Шилов С. С. Месть Сухой протоки (рассказы и повести).
Благовещенск, Амурское отд. Хабаровского кн. изд., 1960
НА ЛУГАХ
Хорошо спать Ваське в душистом шалаше на зеленой шелестящей траве! Хорошо на покосе… Эх, и хорошо же! И не скажешь…
Смотрит Васька в дыру шалаша — чернота в пади густая — не пройти, не проехать. Слушает, навострив ухо: поют тонко и жалобно, точно плачут, комары. На меже постукивают монотонно кузнечики, а в дальнем озере беспрерывно ревут лягушки. Птицы, засыпая, тихонечко посвистывают. Чуть слышно позвякивает колокольчиком Пегашка…

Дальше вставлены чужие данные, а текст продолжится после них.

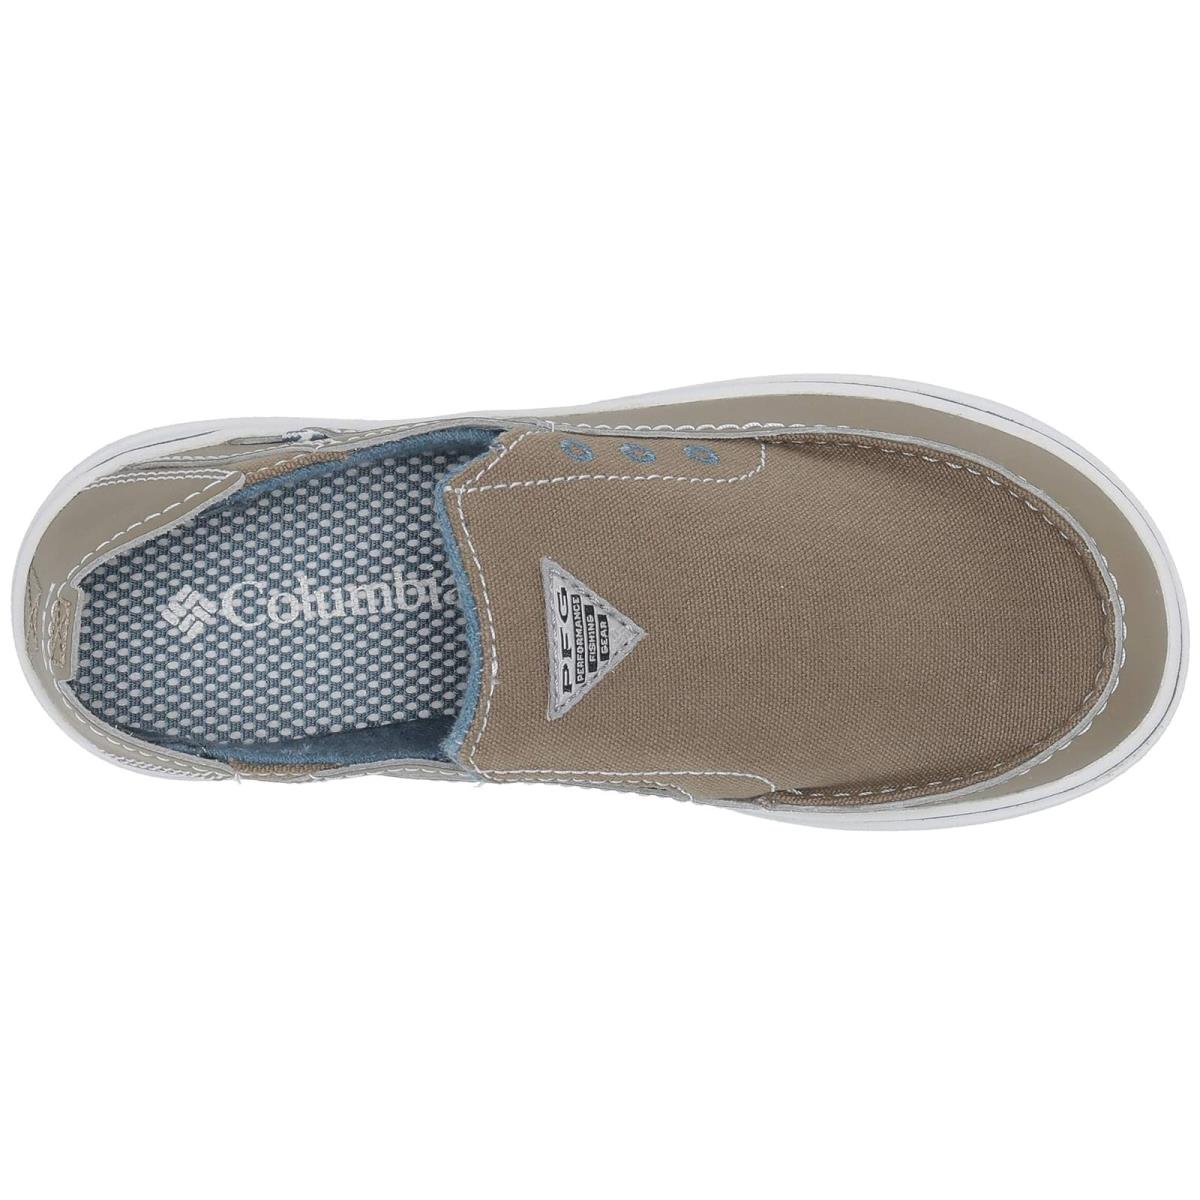 Columbia shoes  - Pebble/White 0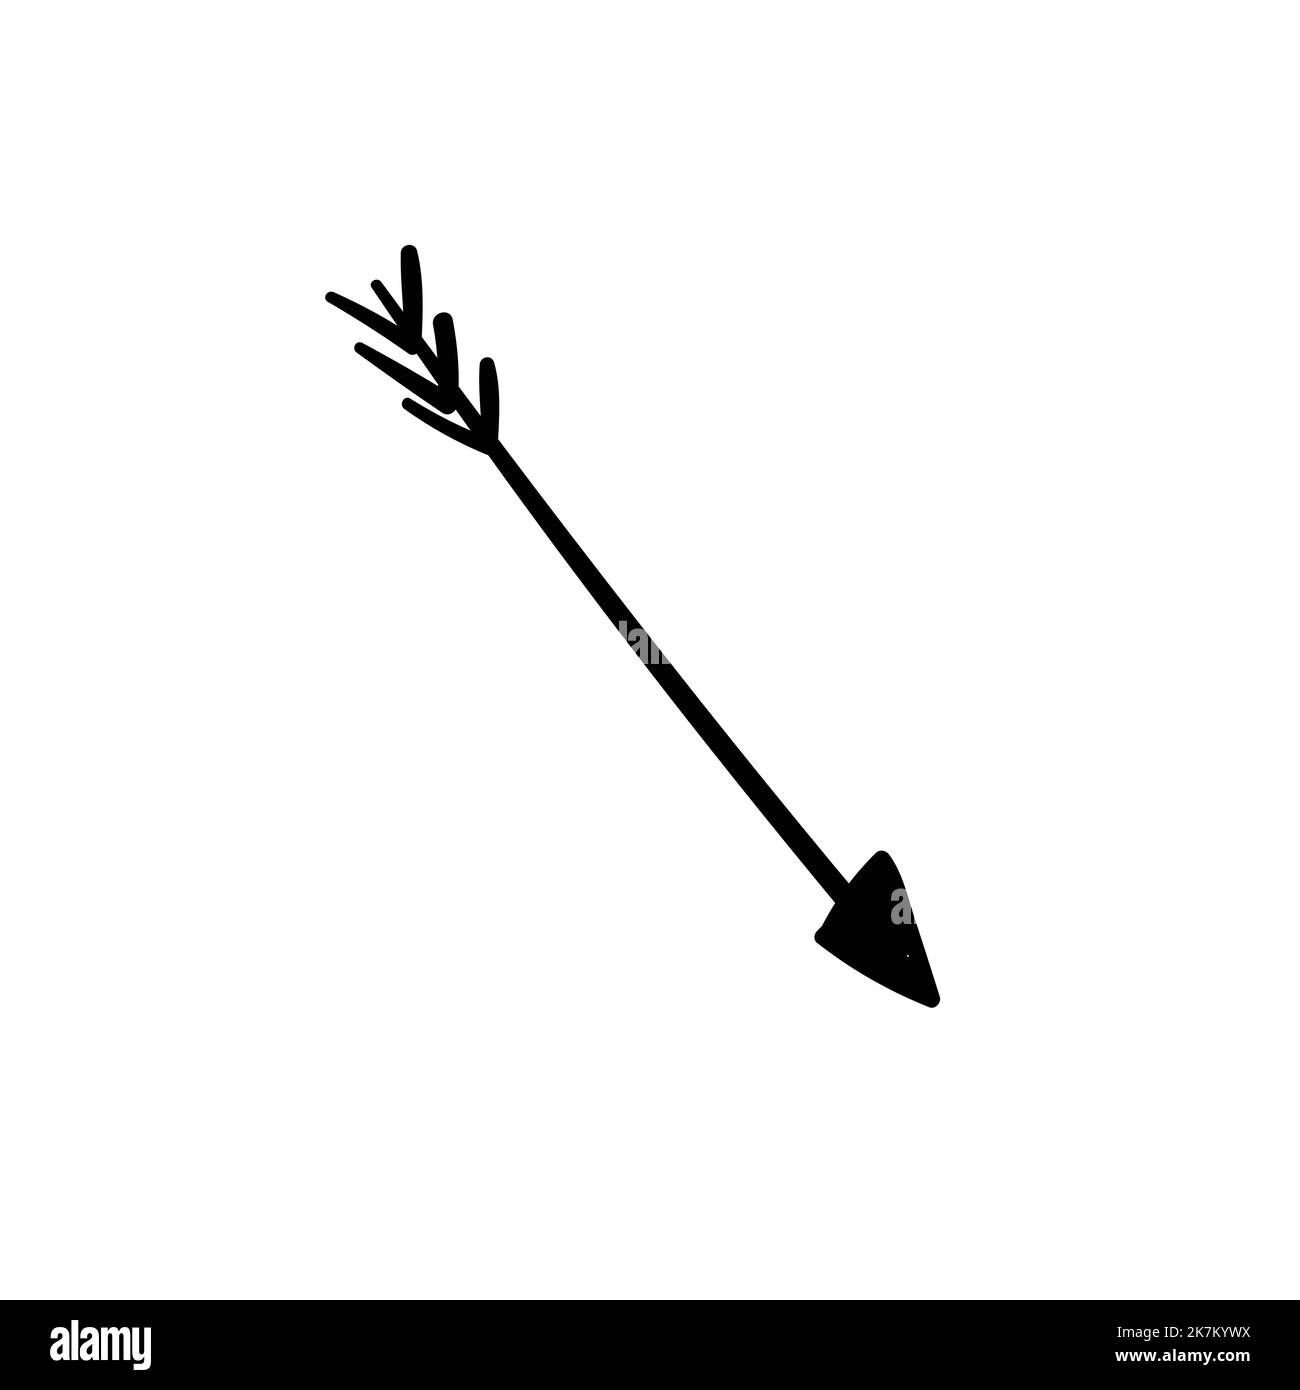 Contador manual de flechas – Sagitaria

Страшновато чуток, но ведь отец посапывает около самых дверей! А тятька сильный! Сильней всех. Да и кого, спрашивается, бояться здесь — в веселой Гожилге-пади?..
Не спится все же Ваське. Ворочается он с боку на бок. Думает. А думы у него — как бабочки: легкие и пестрые.
Широкая улица, вот она,— их большая улица! Пыль, курицы, ребятишки… Праздник…
Везет лохмачу Никитке! У Васьки вот осталось всего две бабки, да што одна хромоногая, с побитой головой и щелью во все пузо. Стыдно даже ставить такую.
А Никитка бурлит, ломается, орет:
— А ну — кость до кости, голова до мозгу! На последнее едешь? Ладно, годятся… Эх, родимая! — метко пускает лохмач плитку и медвежонком катится на кон — торопливо подбирает сшибленные бабки.
Доволен Никитка. Скалит лошадиные зубы. Трясет набитой пазухой. Щурит хитрущие глаза перед самым Васькиным носом:
— Есть еще? Ага!.. Побита, значит, бабушка Улита? Го-го-го! Ну, до свиданьица таким случаем!.. Поклонись от меня нижающе родителям!..
Рот растянул до ушей. Вместо глаз стали щелочки… А отошел немного, оглянулся и давай поддразнивать:
— Тю!.. Тю!.. Тю!..
Драться с ним? Пожалуй, свяжись… Он только того и ждет…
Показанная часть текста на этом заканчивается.